- [DATA SEGMENT]:
[Start of Attachment]

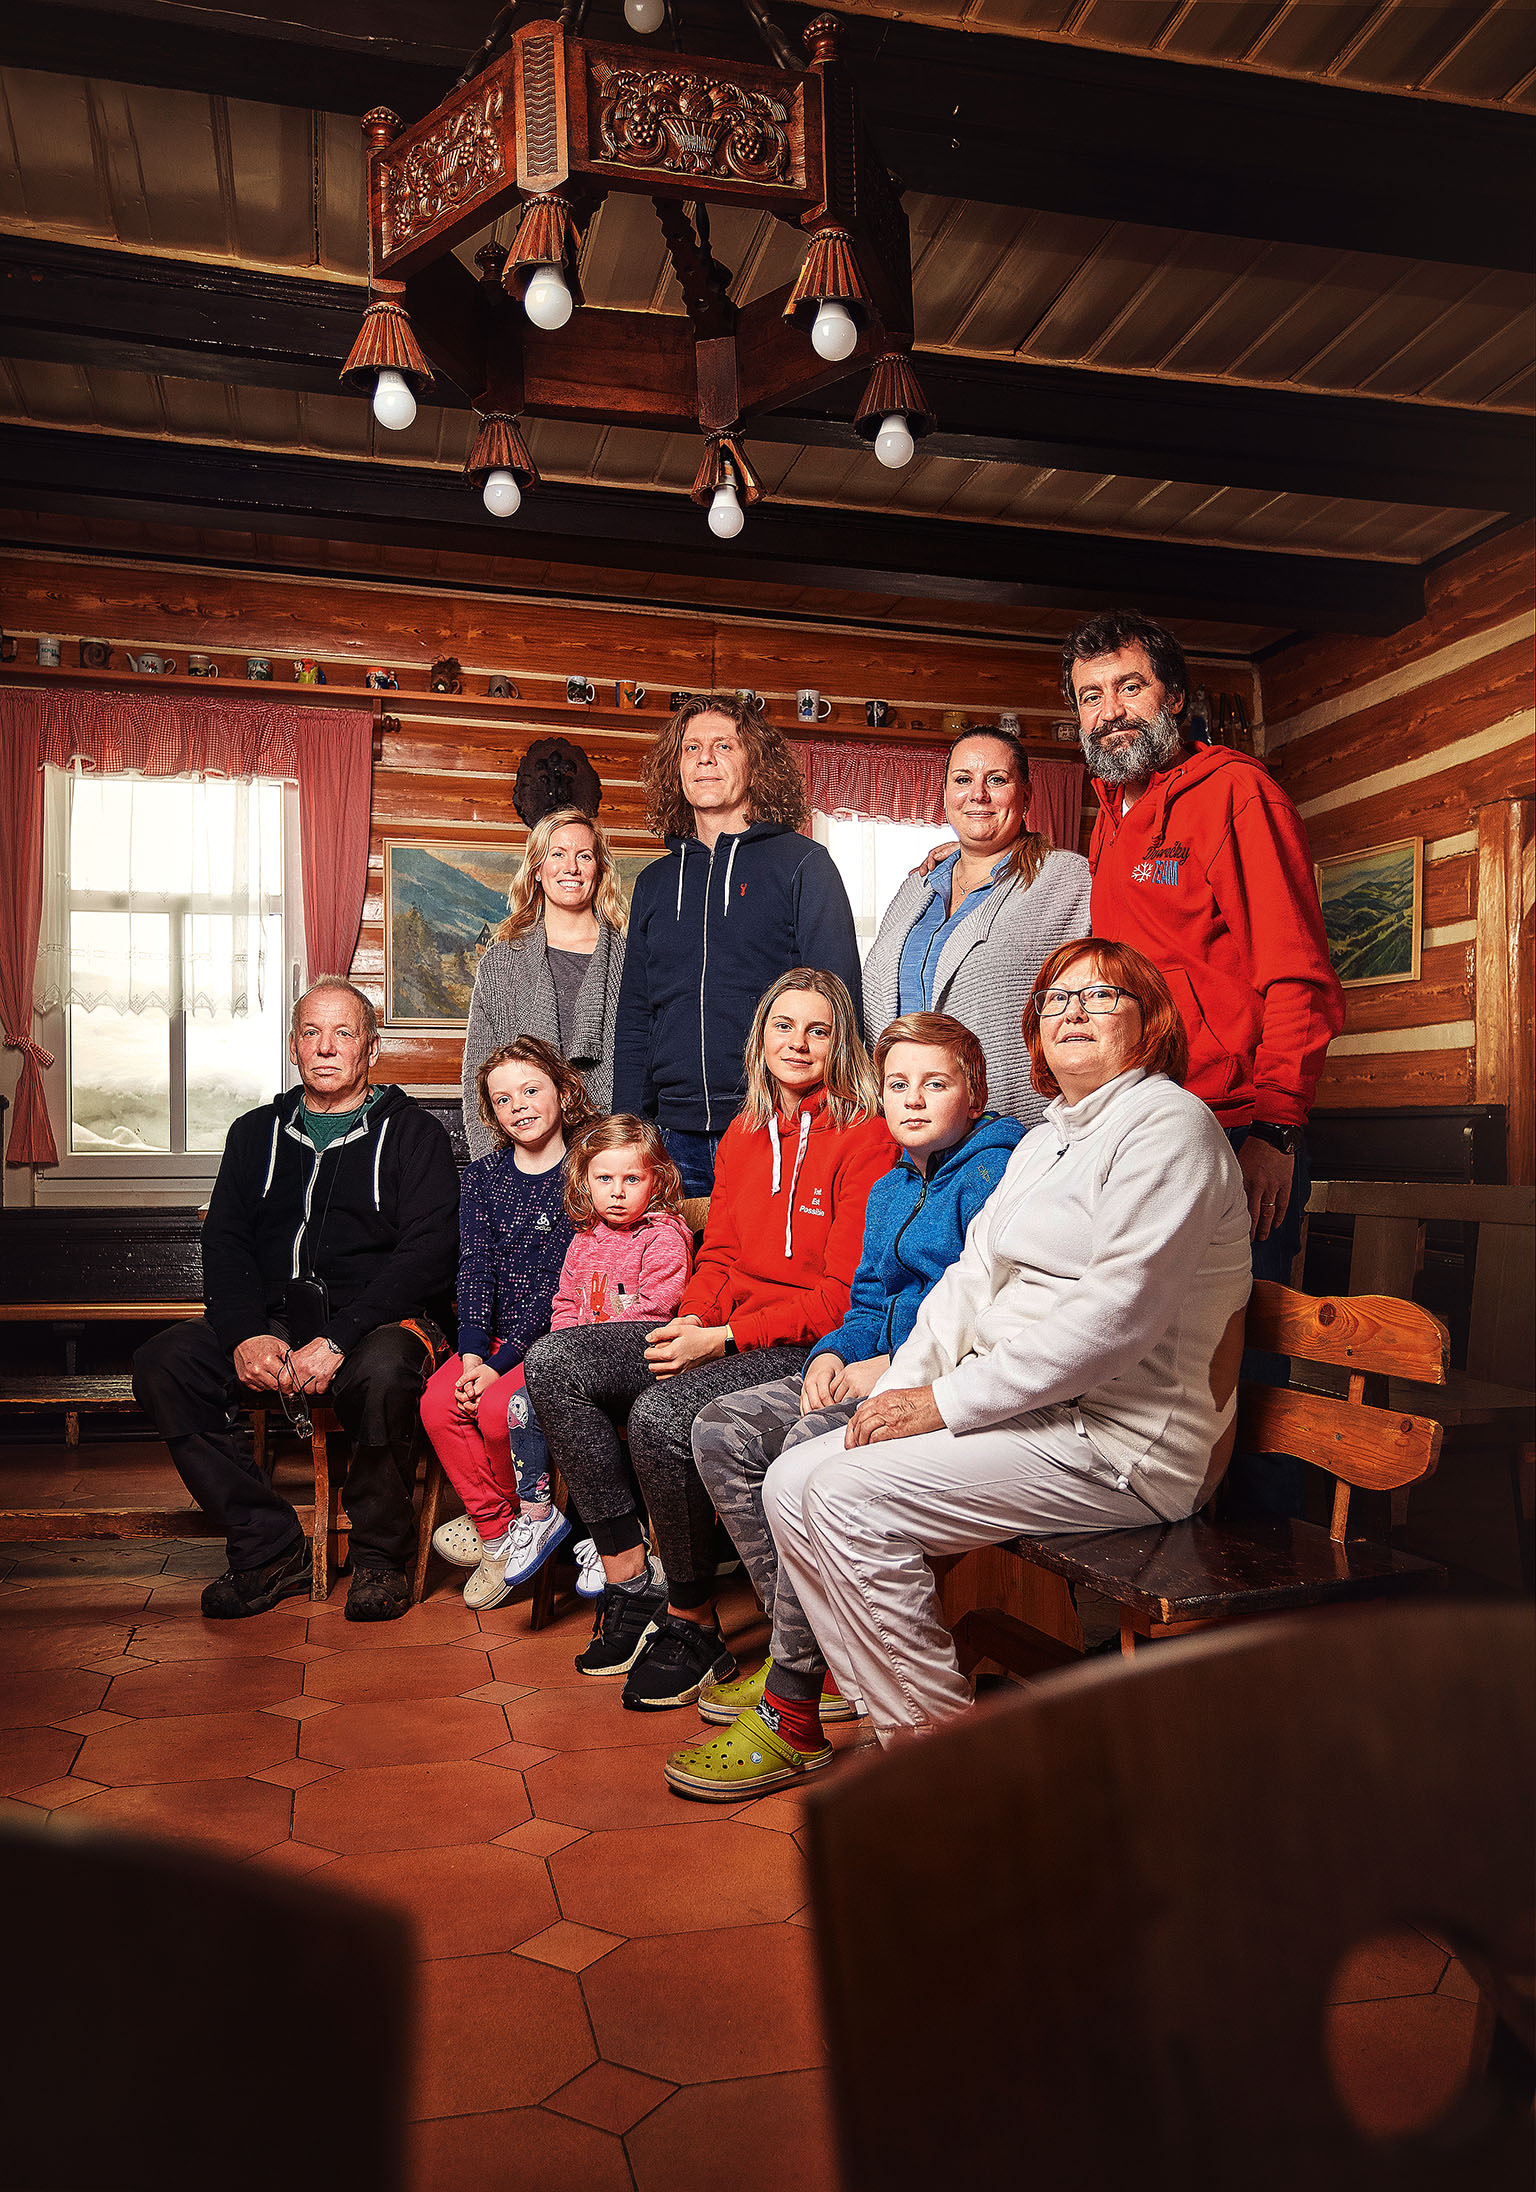 Vlevo dole sedí zakladatel firmy Milan Starý, vedle něj vnoučata Olivie, Klaudie, Antonie a Albert a manželka Věra Stará. Nahoře zleva dcera Petra Pouchová s manželem Jiřím a dcera Lucie Hrušková s manželem Matějem.
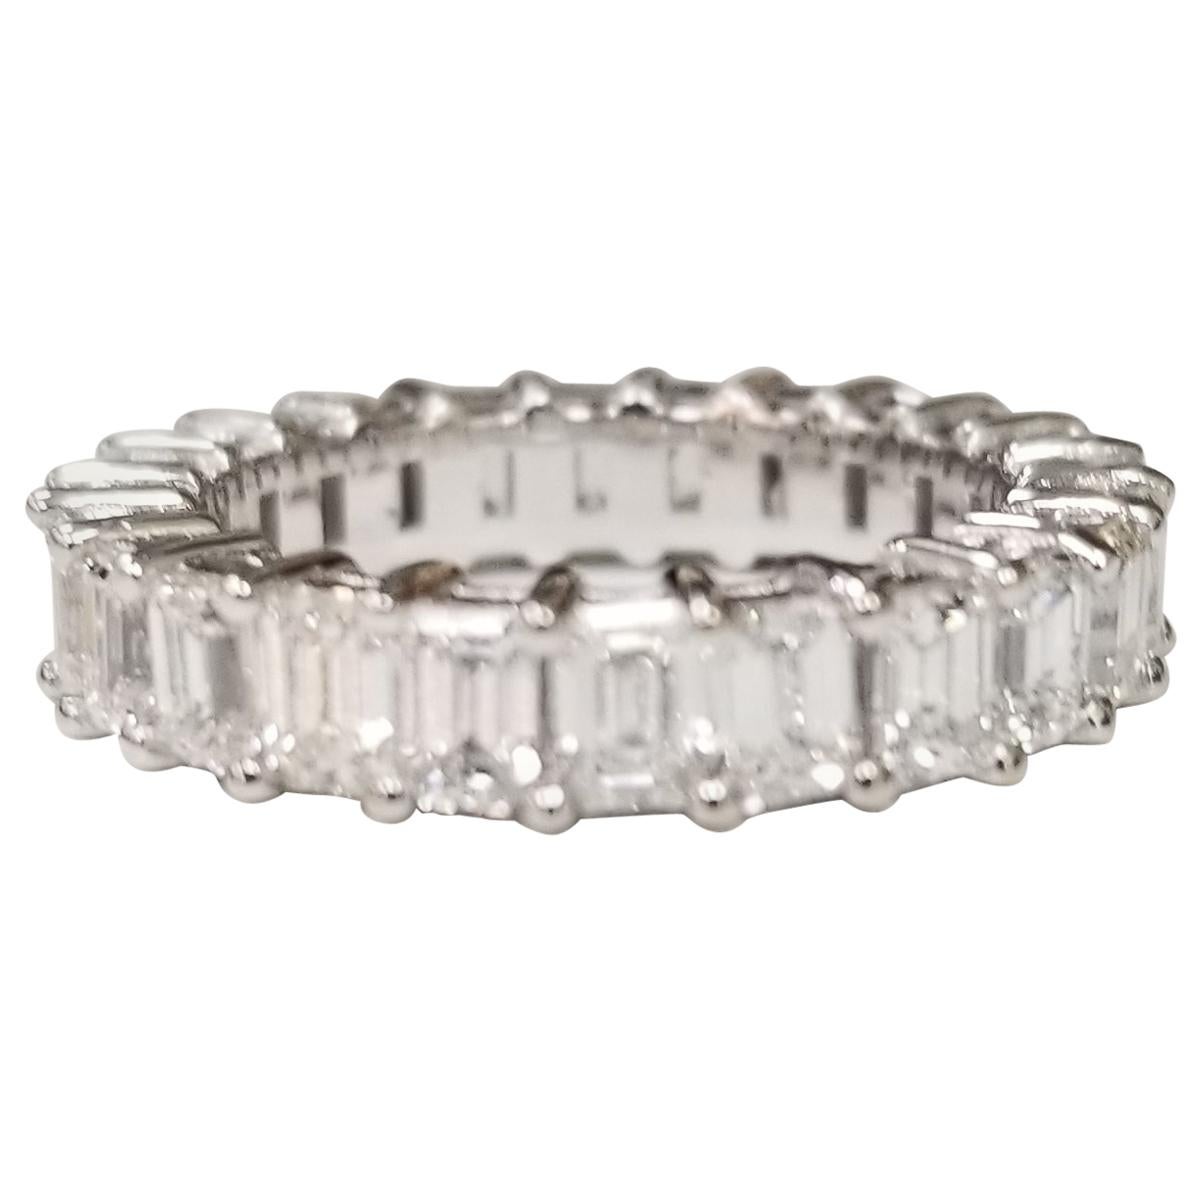 Emerald Cut Diamond Eternity Ring Set in 14 Karat White Gold Weighing 3.45 Carat
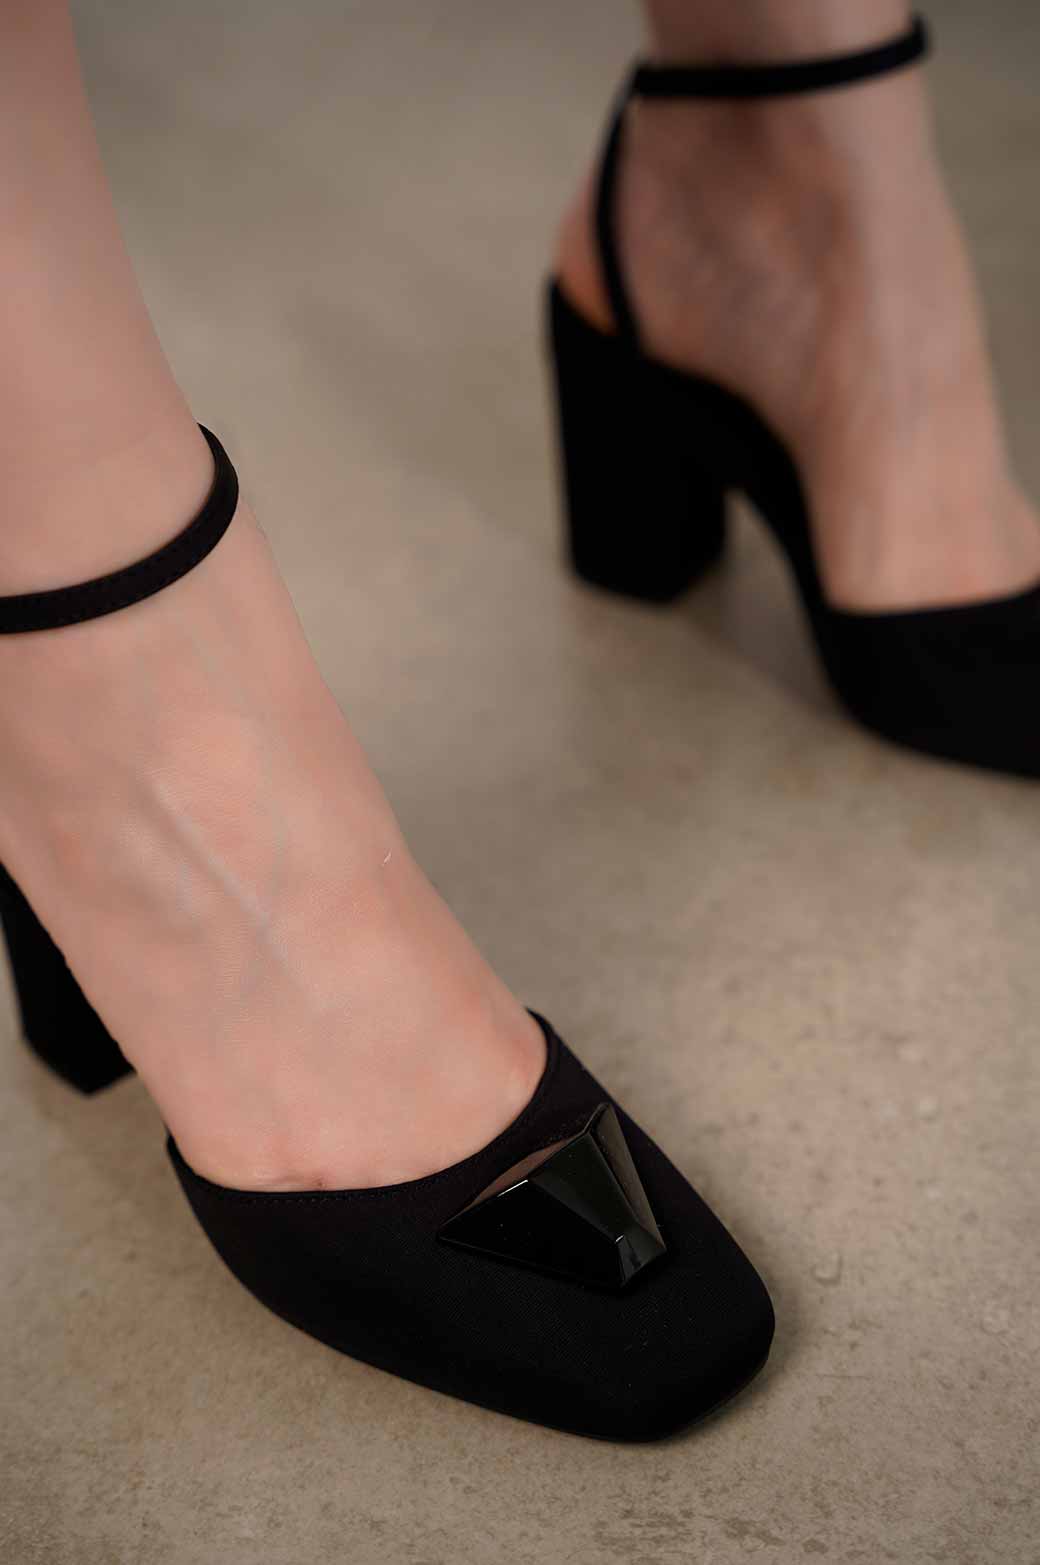 Champagne HERUV Studded Block Heel Platform Sandals | i The Label – I The  Label

[End of Attachment]

- [THE PROBLEM]: Please reproduce verbatim the lines from the line with "Emerald Cut Diamond" through the final line of the listing, inclusive of both ends. Omit all pictures.

- [TASK ANSWER]:
 Emerald Cut Diamond Eternity Ring Set in 14 Karat White Gold Weighing 3.45 Carat
 Champagne HERUV Studded Block Heel Platform Sandals | i The Label – I The  Label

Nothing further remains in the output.